Over the last few weeks, we’ve learnt that a lot can change in just a few days. Continuous listening is therefore vital to understanding how employees are really feeling at any time. Real-time, anonymous responses will equip team leaders with clear insights into what their employees require from them at any stage and often encourage more honest responses than one-to-one interactions (Hardy, 2020). 

A Fresh Focus on Employee Wellbeing

Individuals worldwide will face new challenges in their personal lives.
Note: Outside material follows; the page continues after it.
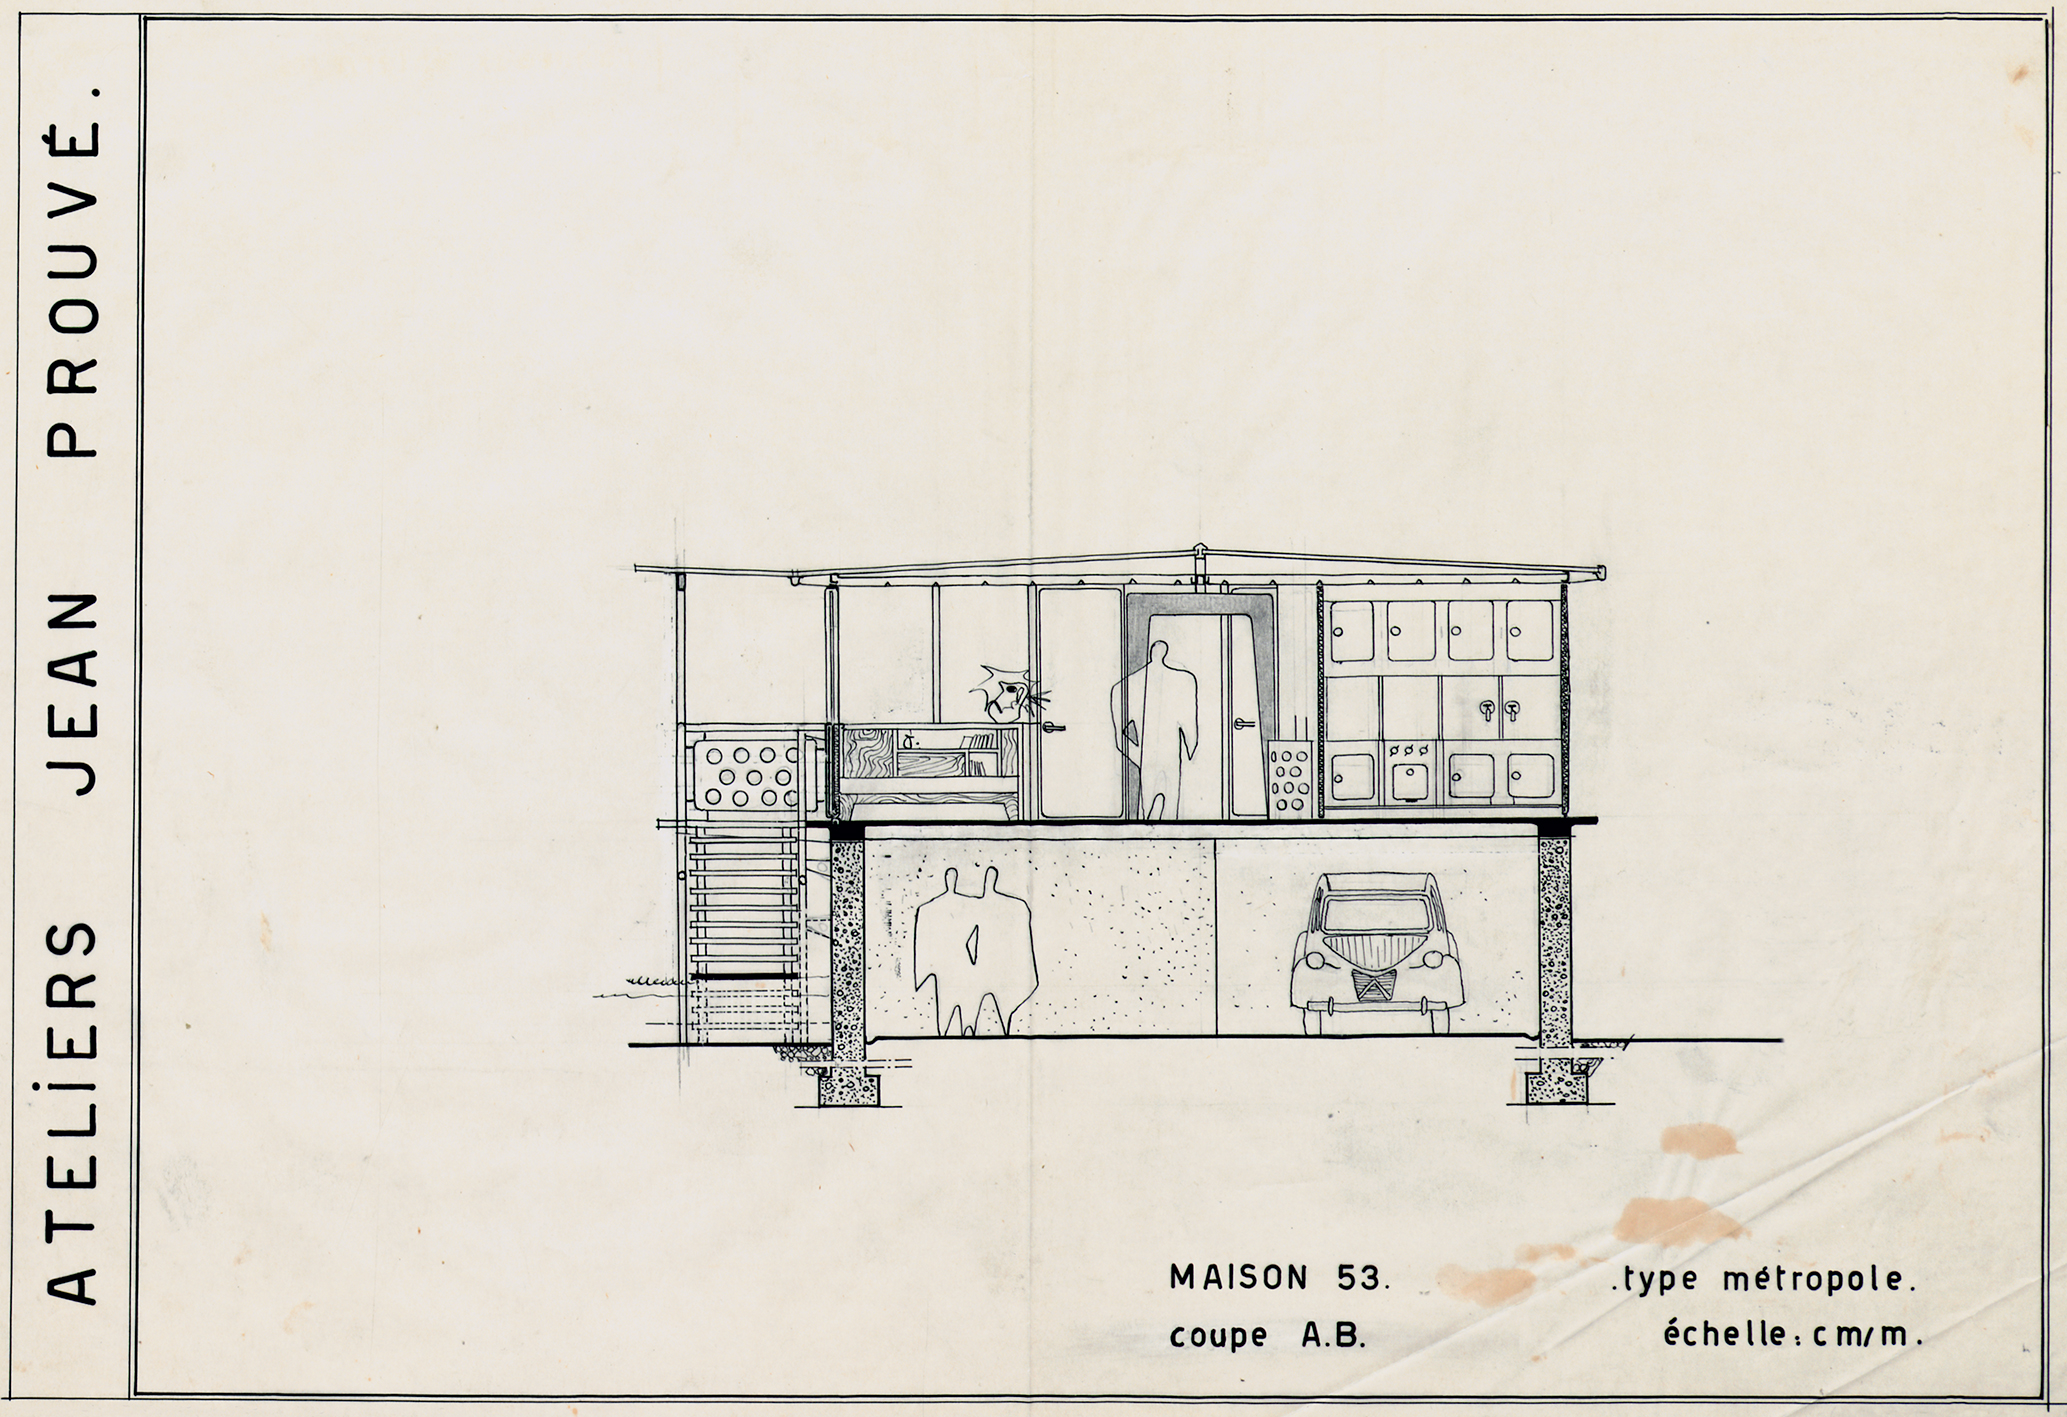 Ateliers Jean Prouvé. « Maison 53, type Métropole, coupe A.B. ». Plan n° 180.250, 1953.
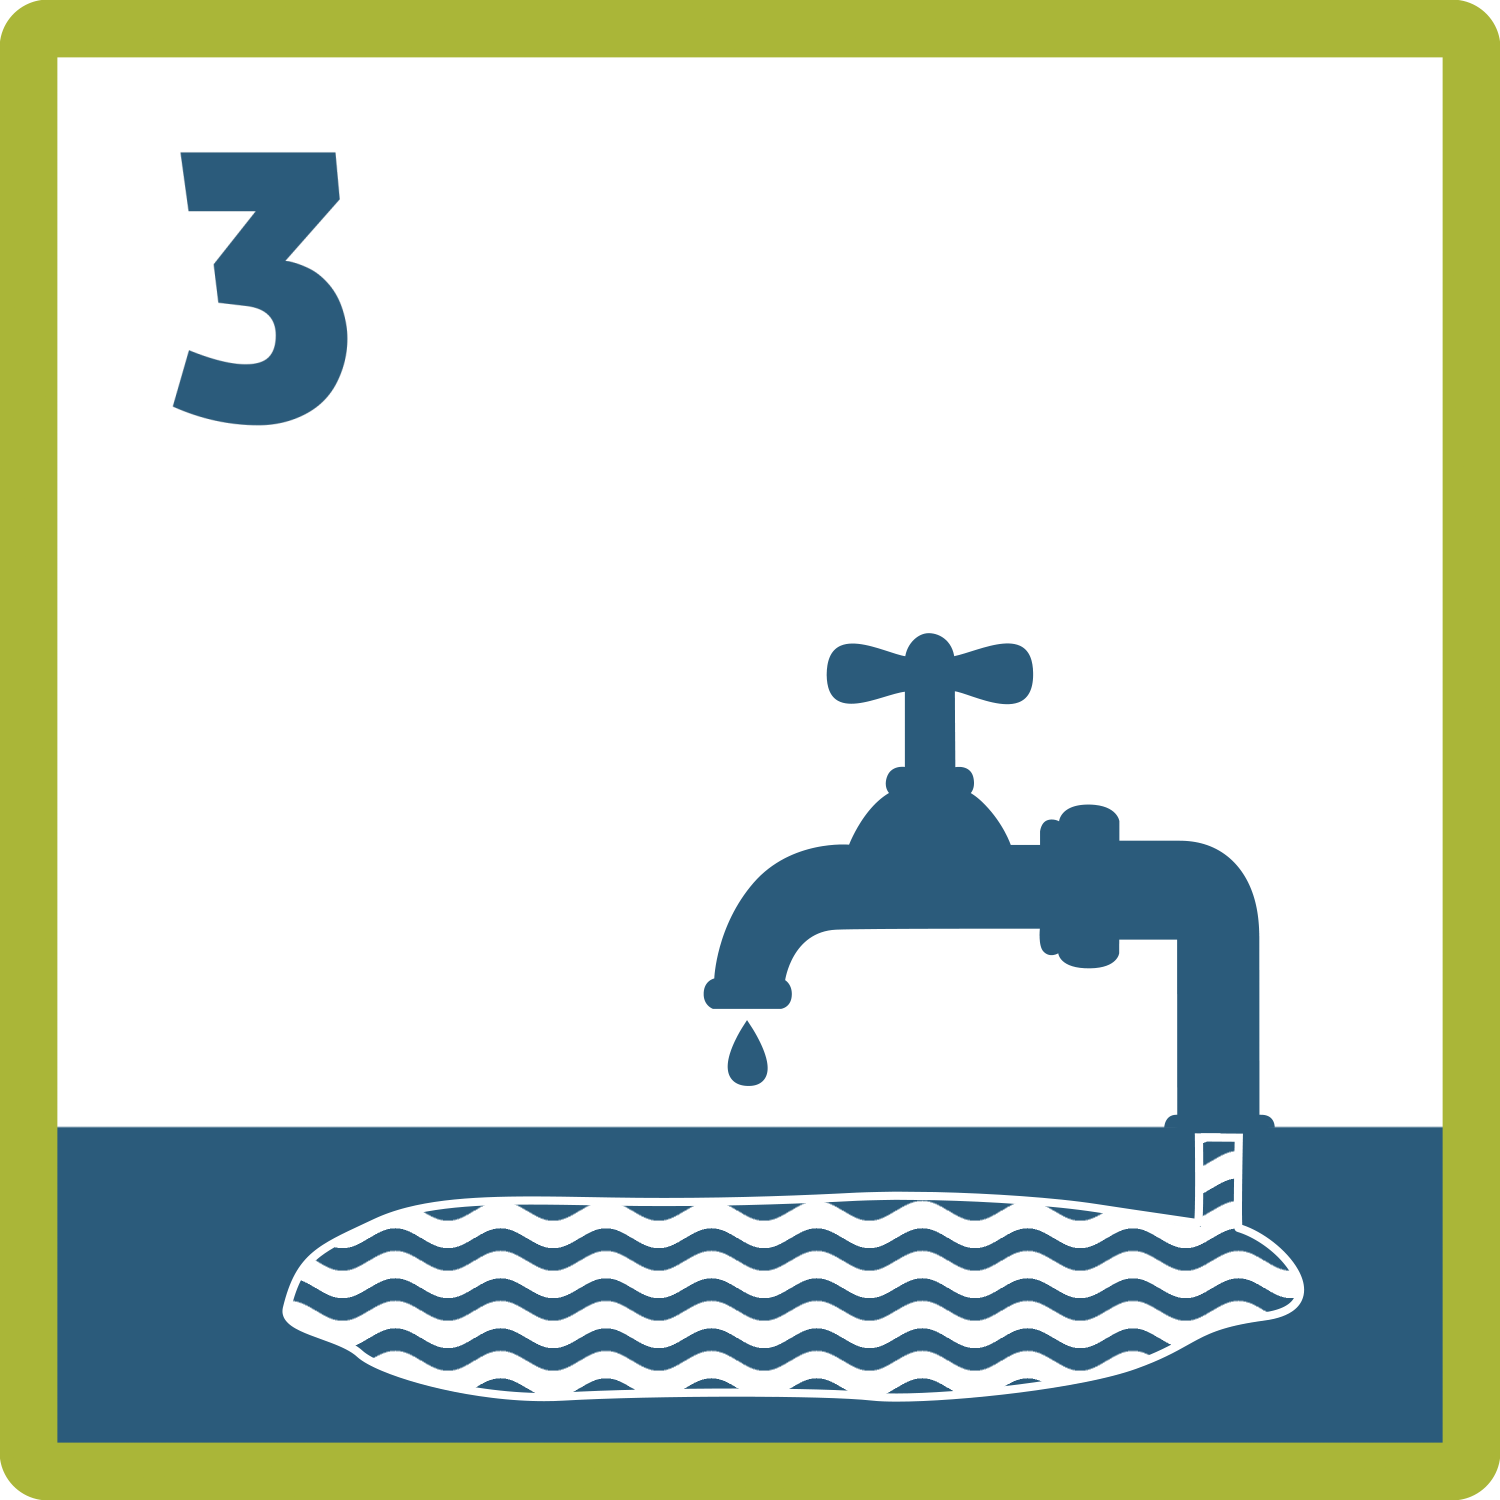 Piktogramm: ein tropfender Wasserhahn, dessen Rohr in ein oberflächennahes Wasservorkommen reicht

As Covid-19 spreads, the situation unsurprisingly shines a greater light on employee health and wellbeing.

Managers who are successful in making a difference to their teams will produce immense loyalty – supporting their organisation’s long-term retention and contributing to ongoing employee engagement which has been proven to boost overall company performance (Hardy, 2020).

 Continuous listening will also give managers deeper insight into their teams and arsenal to exercise agility allowing them to take necessary actions which support their teams’ wellbeing.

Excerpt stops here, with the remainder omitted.